--- START ---

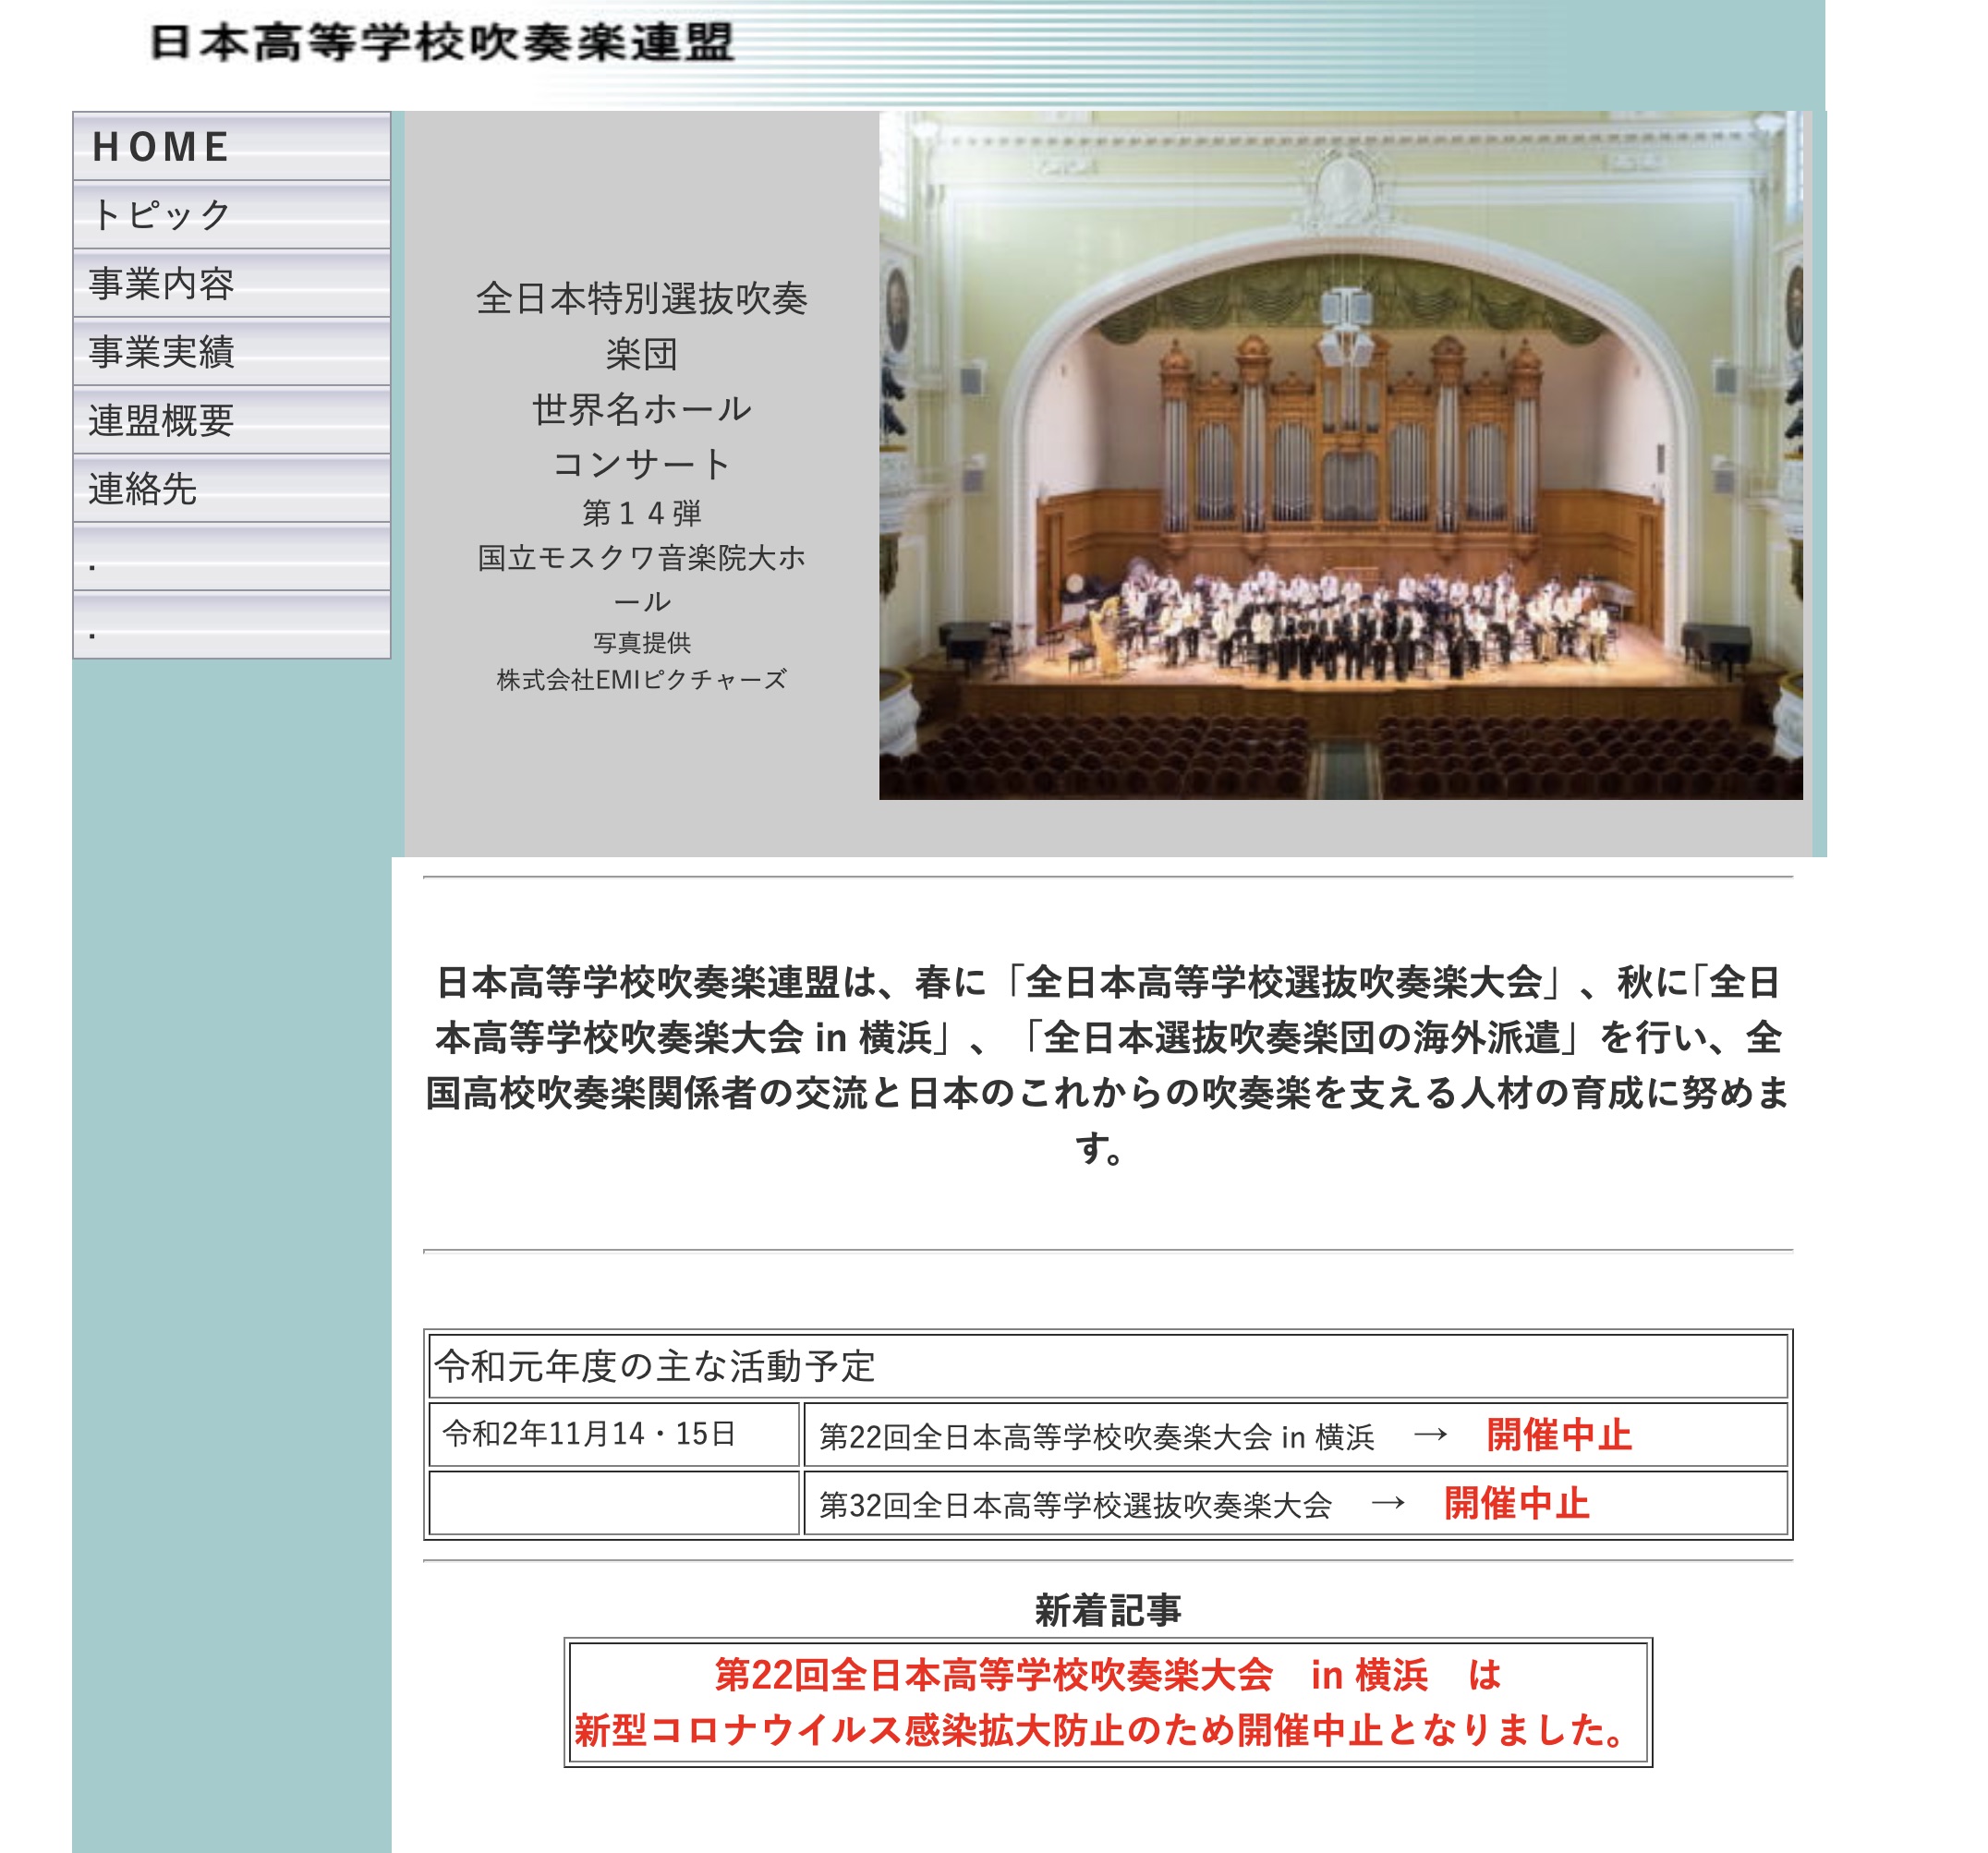 全日本高等学校吹奏楽大会 in 横浜の中止が決定 | ブラボー吹奏楽部
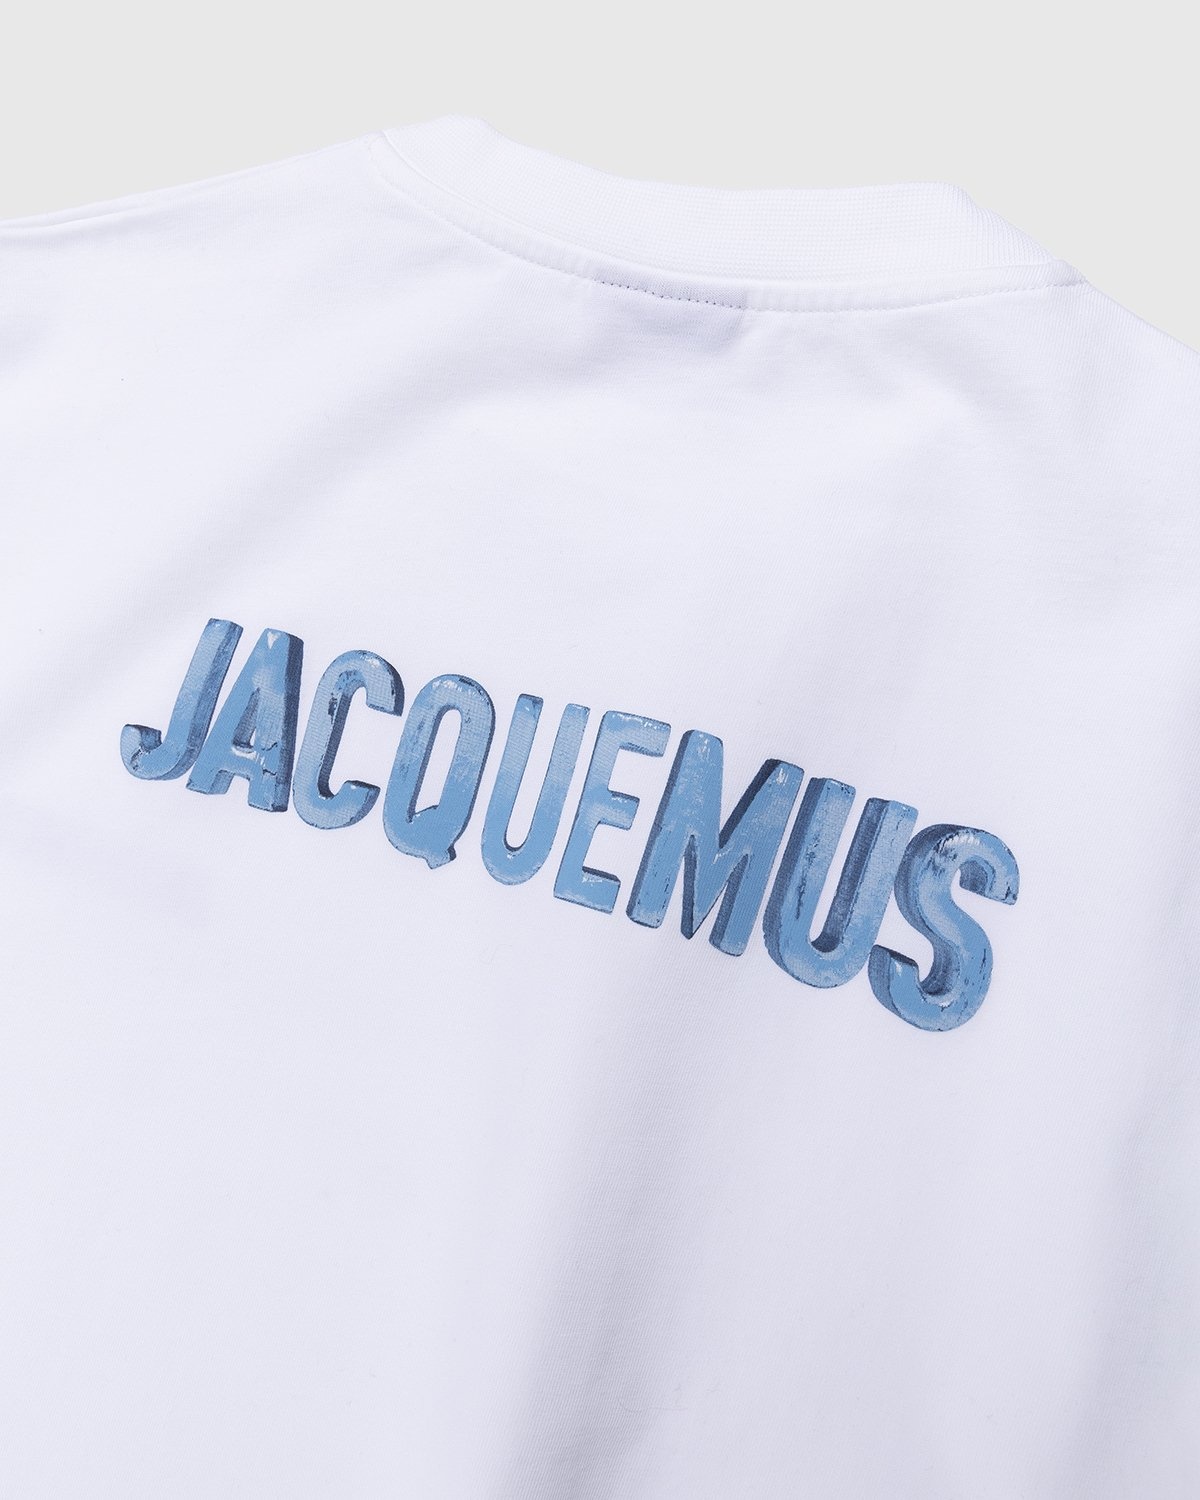 JACQUEMUS – Le T-Shirt Gelo Print Ice Jacquemus White | Highsnobiety Shop
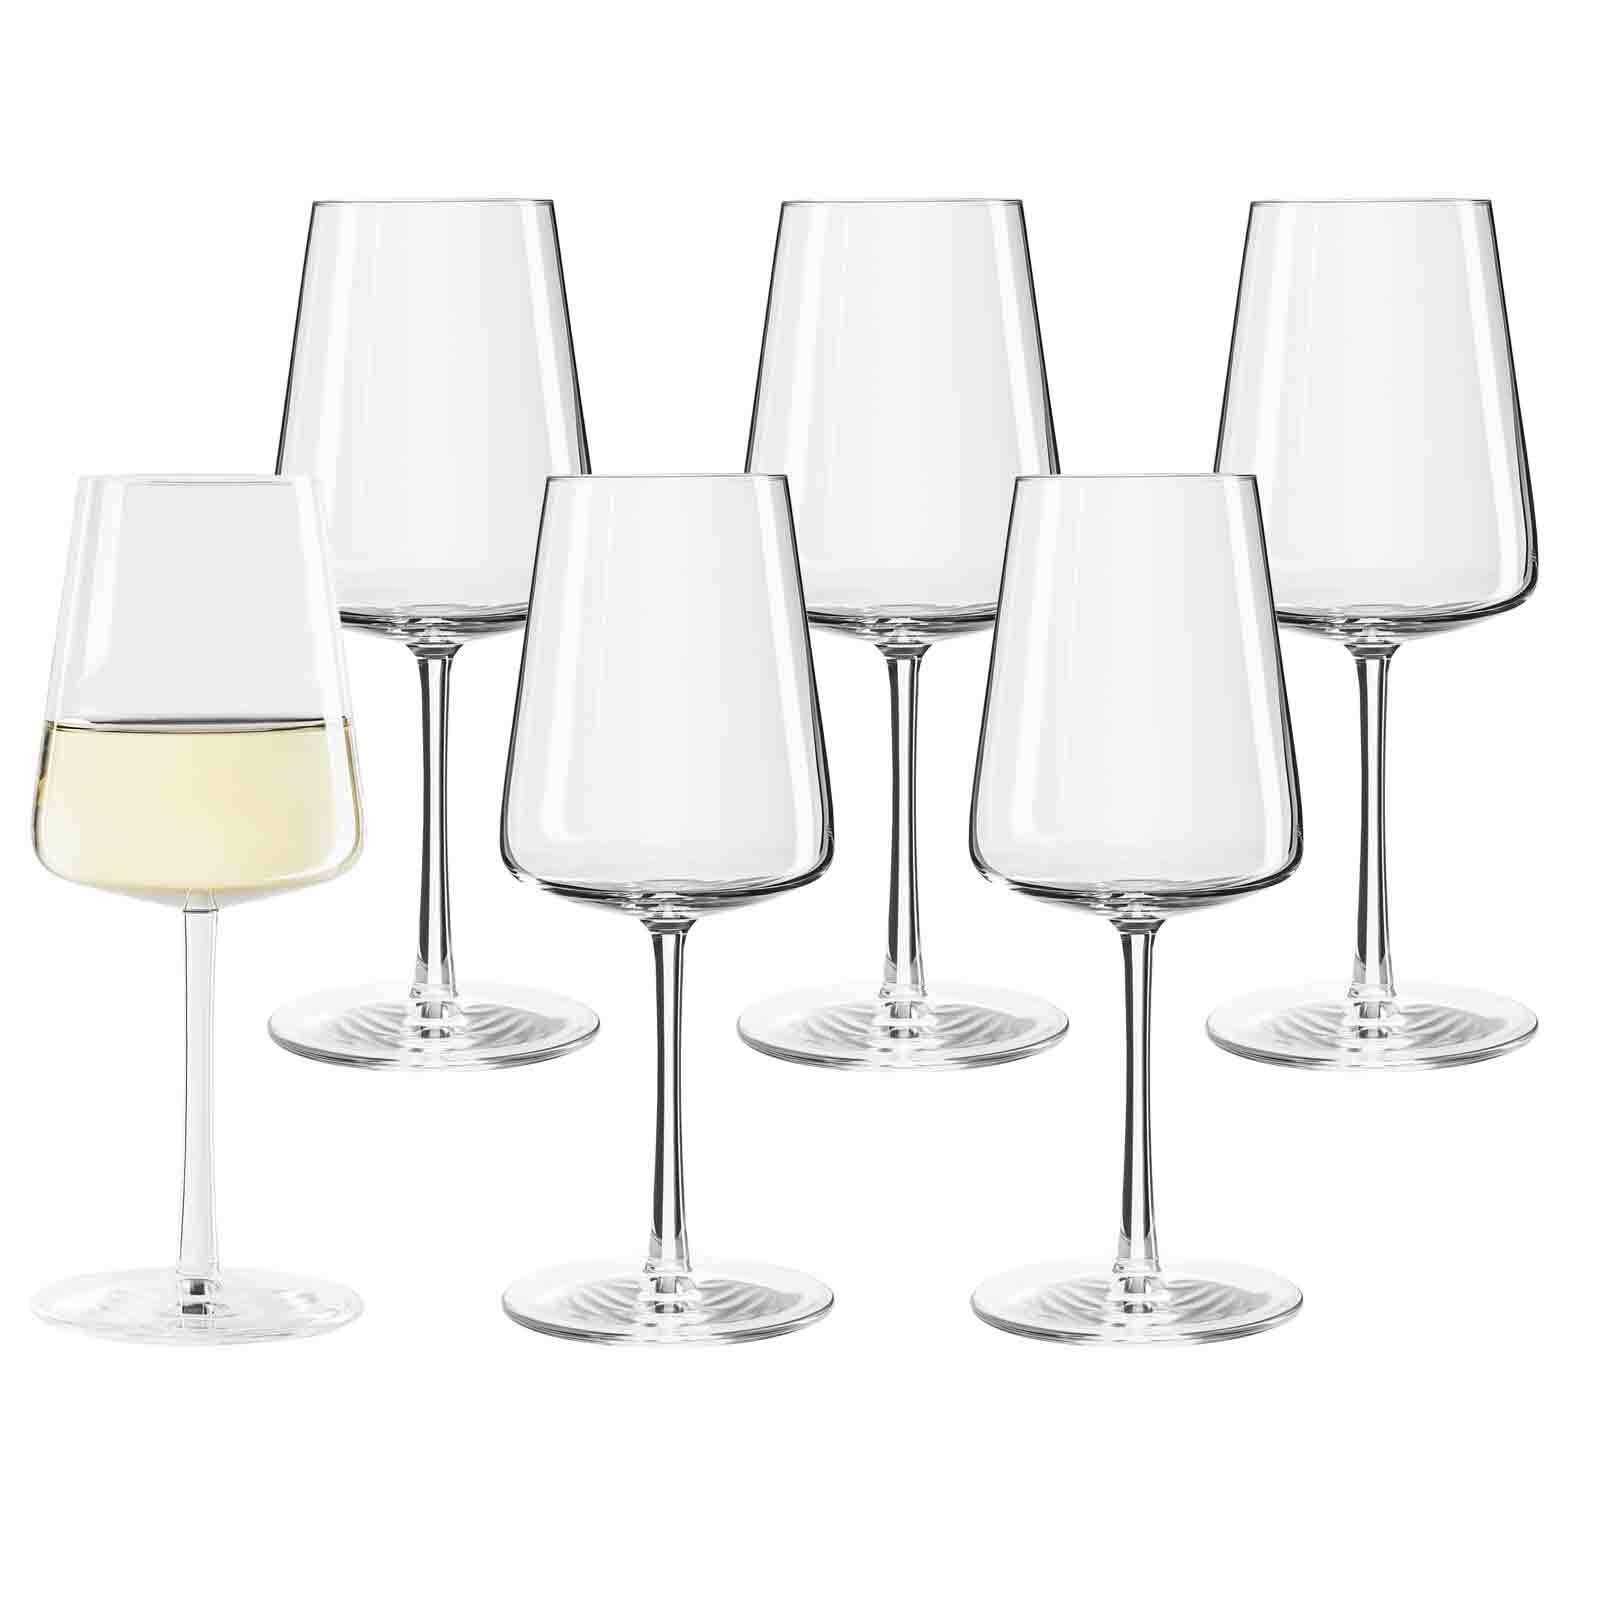 Stölzle Weißweinglas Power Келихи для білого вина 400 ml 6er Set, Glas
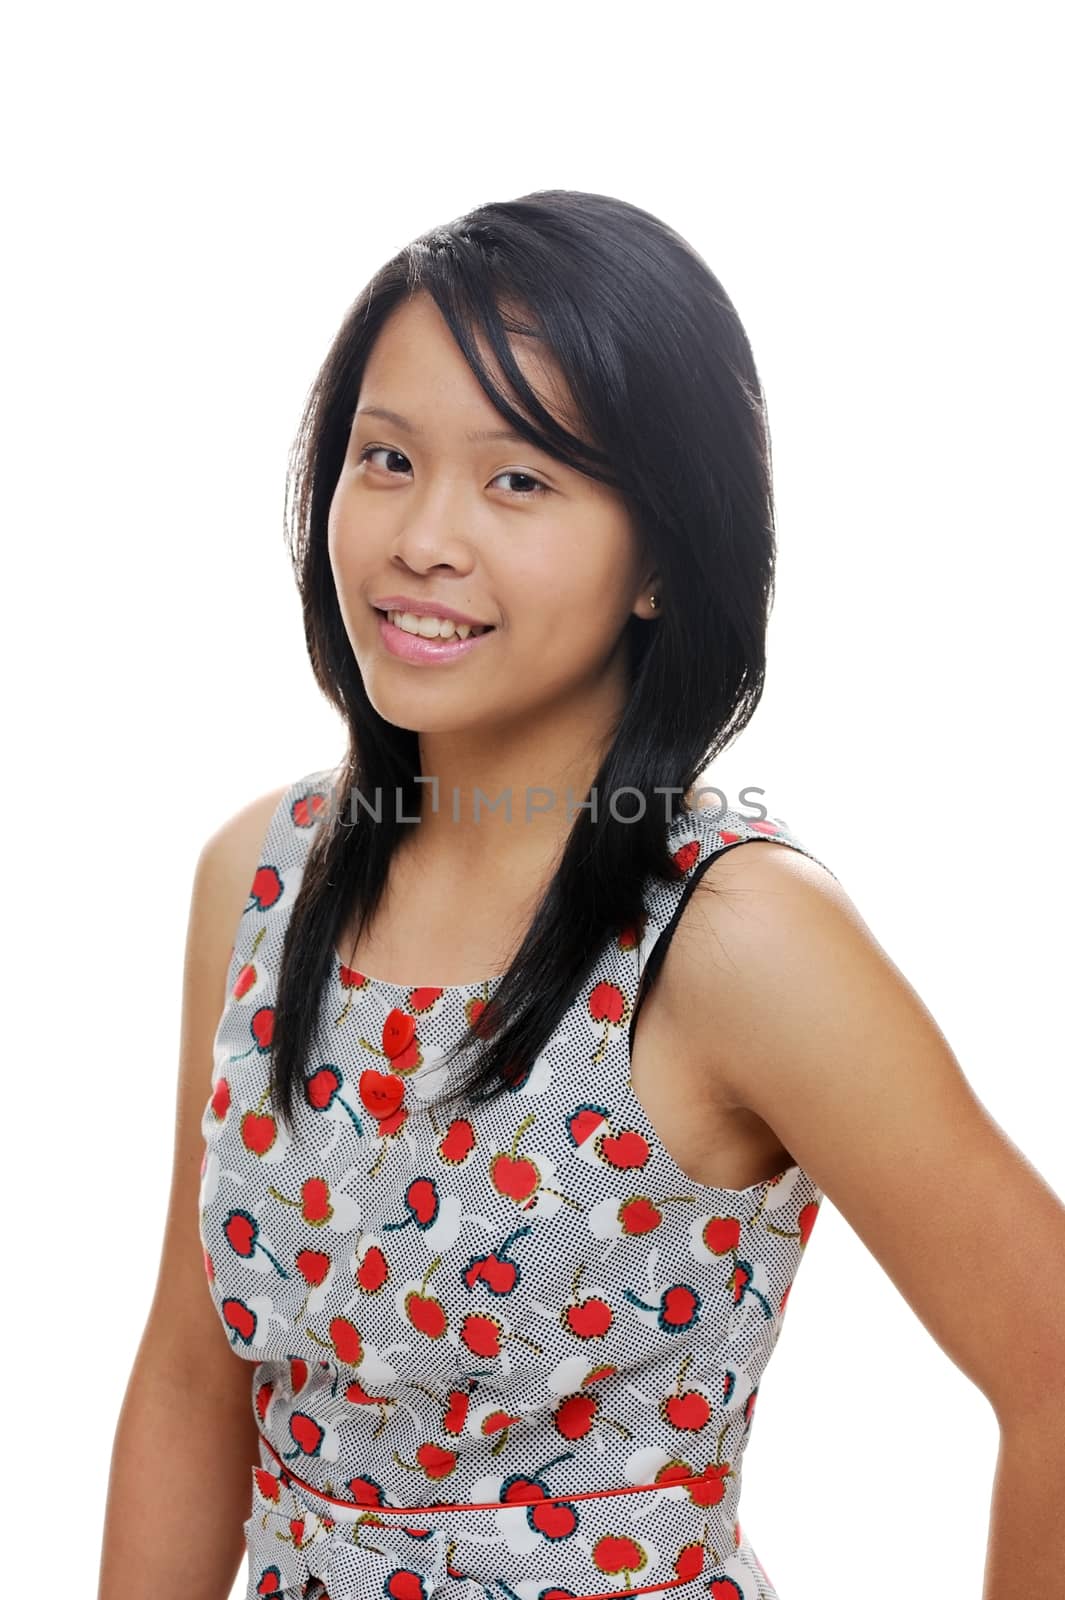 Asian girl looks happy in cherry dress

--- END ---

* _What you need to do_: If the material above contains pictures, exclude them from an otherwise exact transcription.

* _Exercise response_:
 全日本高等学校吹奏楽大会 in 横浜の中止が決定 | ブラボー吹奏楽部
 JACQUEMUS – Le T-Shirt Gelo Print Ice Jacquemus White | Highsnobiety Shop
 Stölzle Weißweinglas Power Келихи для білого вина 400 ml 6er Set, Glas
 Asian girl looks happy in cherry dress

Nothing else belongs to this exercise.